• _DATASET CONTENT_:
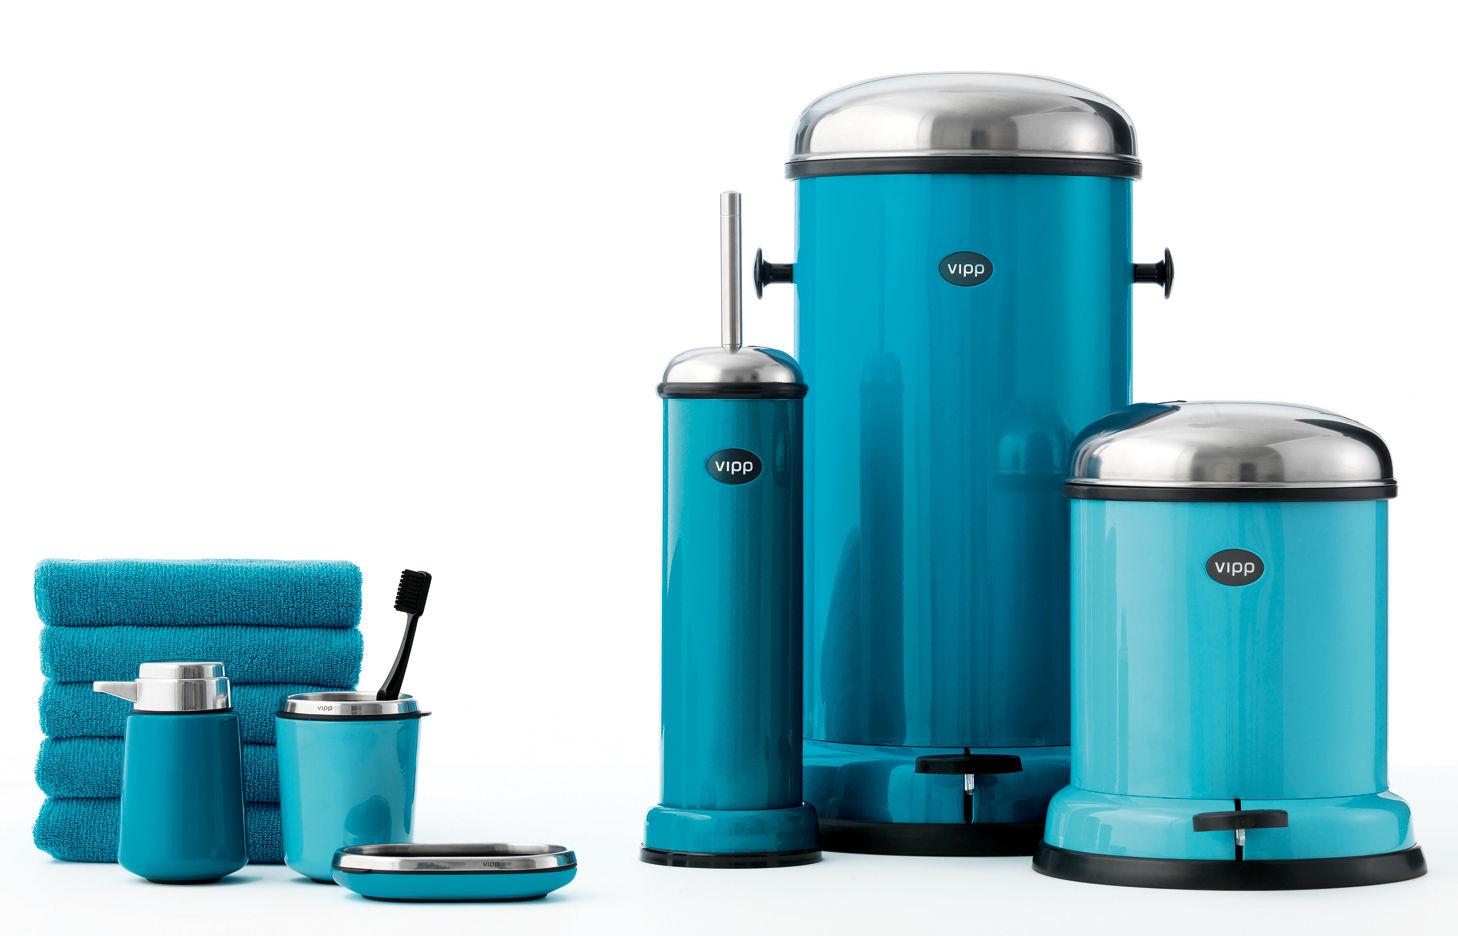 Poubelle Vipp poubelle vipp24 / 30 litres noir - vipp | made in design
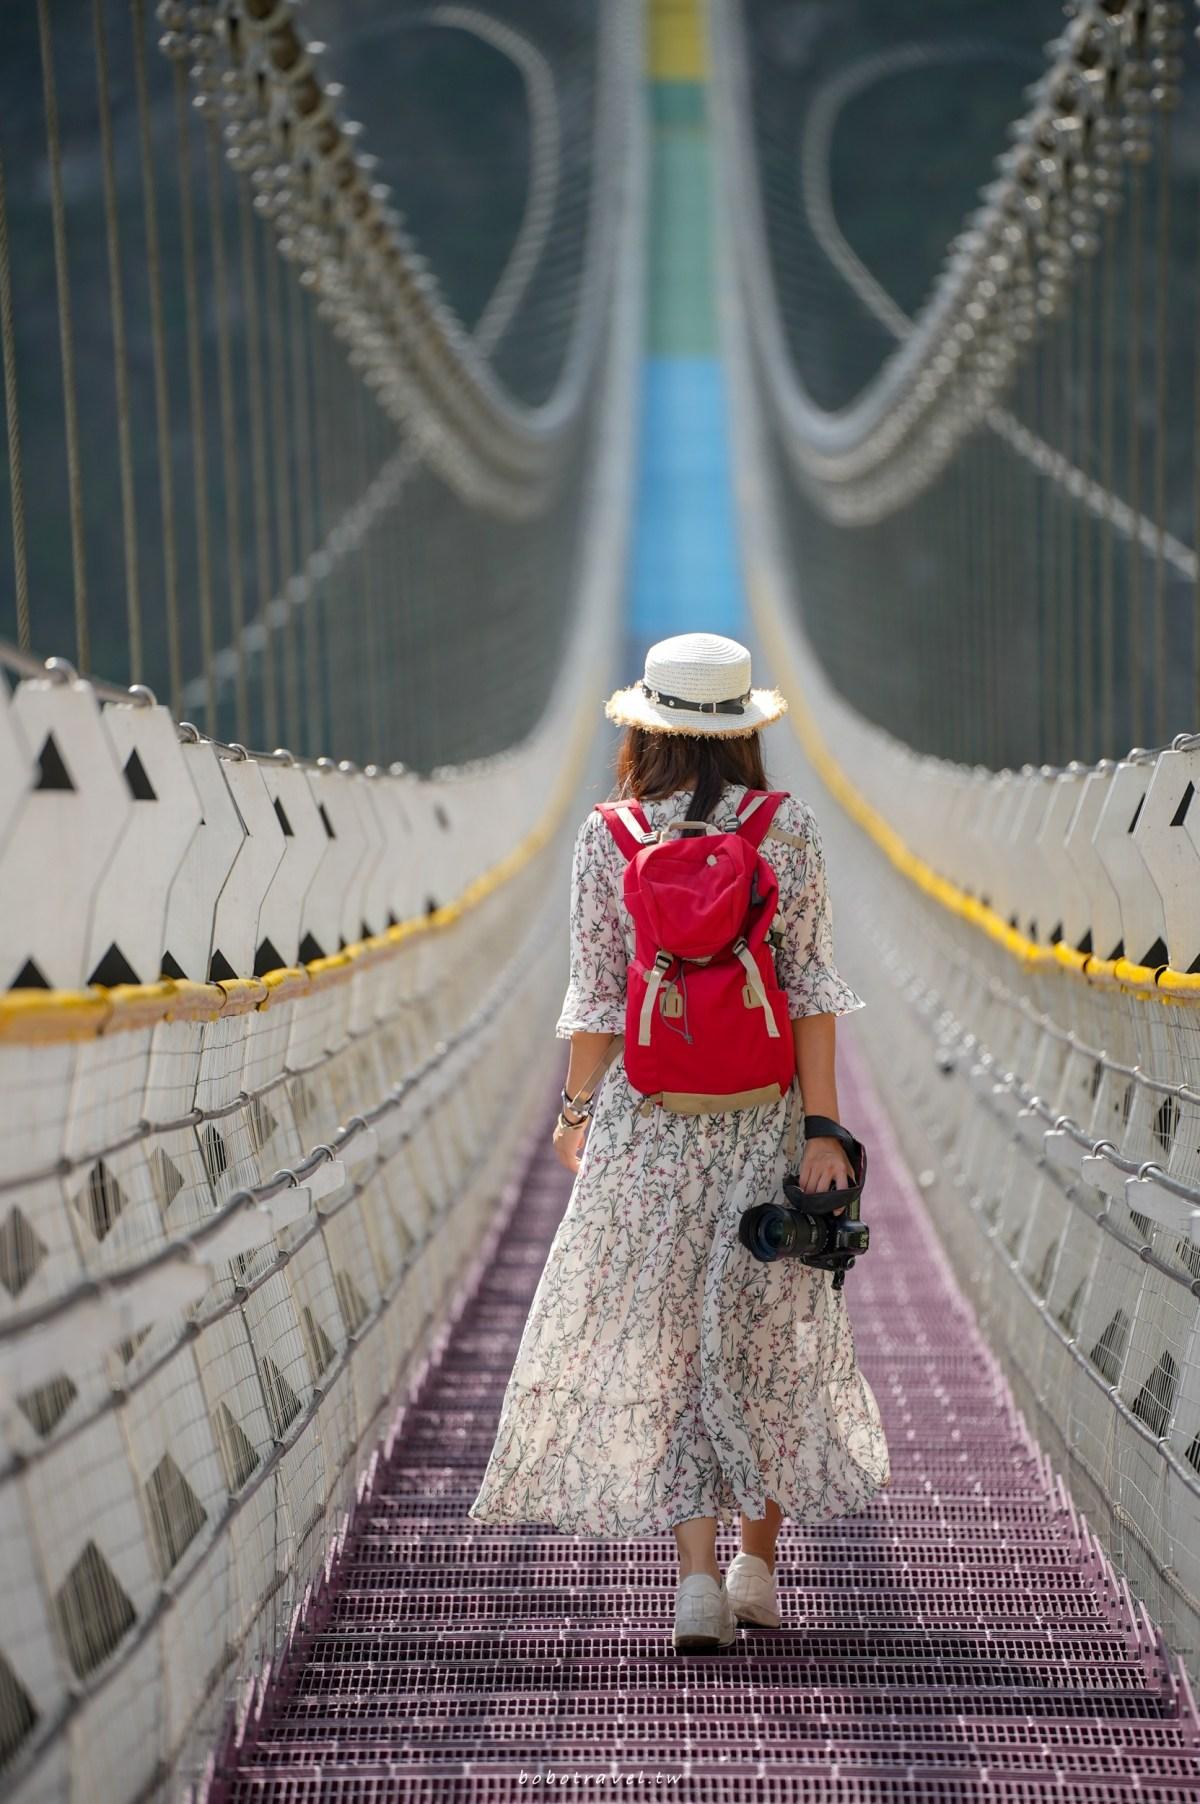 彩虹吊橋3
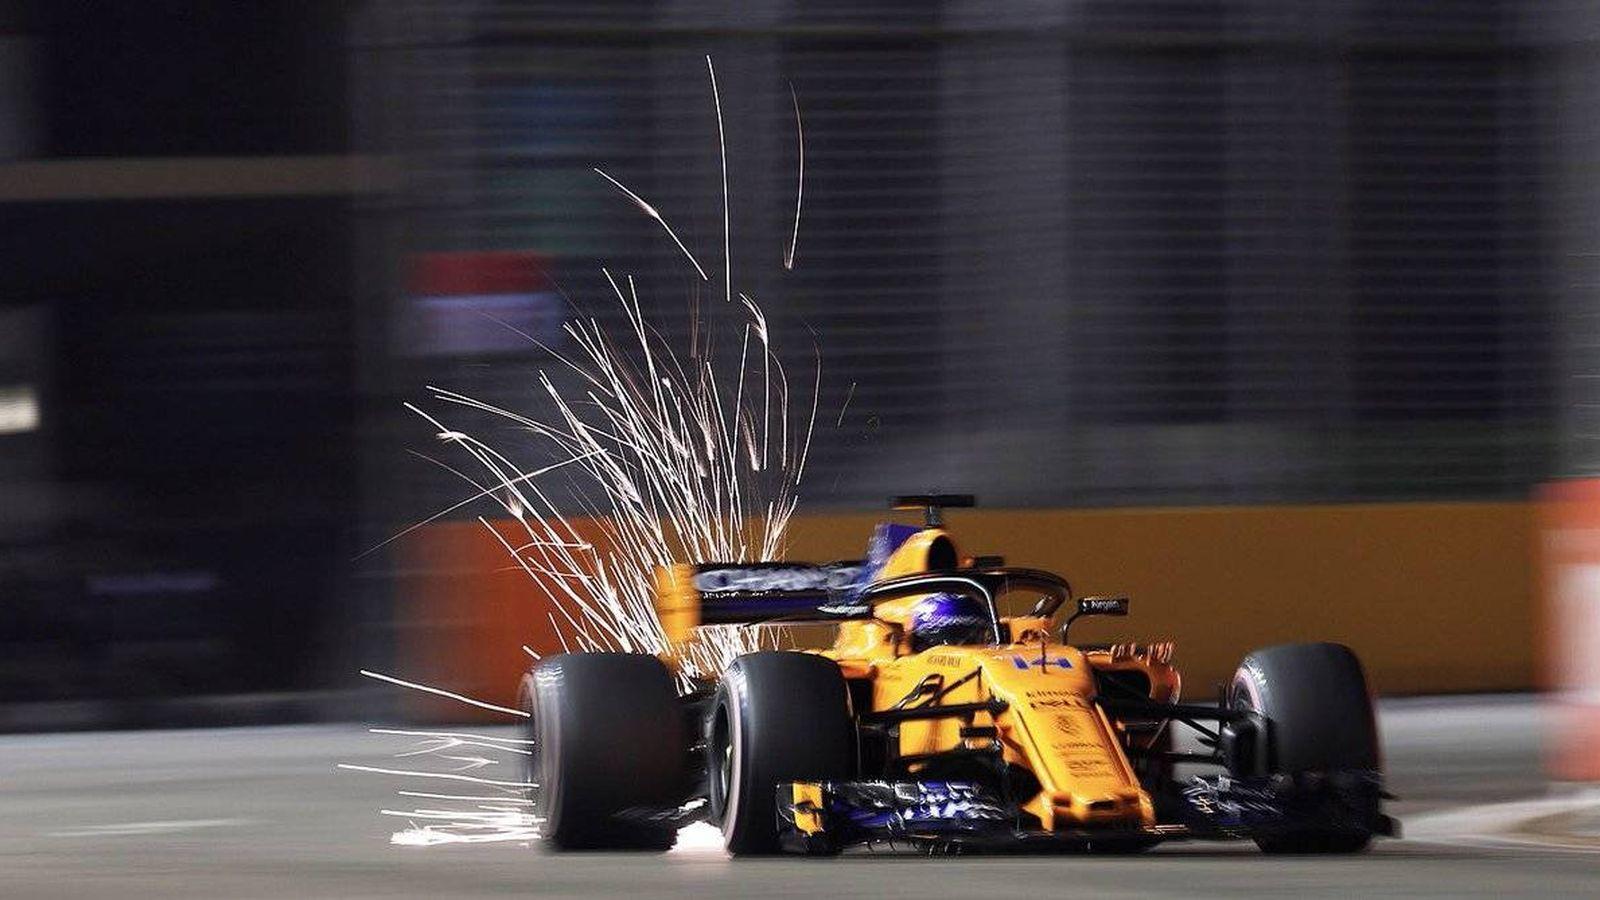 Foto: Fernando Alonso saldrá desde la undécima posición en el GP de Singapur. (Foto: McLaren)

• _TASK BRIEF_: What is needed is a word-for-word copy of the data, minus its pictures.

• _SOLUTION FOR THIS EXERCISE_:
 Poubelle Vipp poubelle vipp24 / 30 litres noir - vipp | made in design
 彩虹吊橋3
 Foto: Fernando Alonso saldrá desde la undécima posición en el GP de Singapur. (Foto: McLaren)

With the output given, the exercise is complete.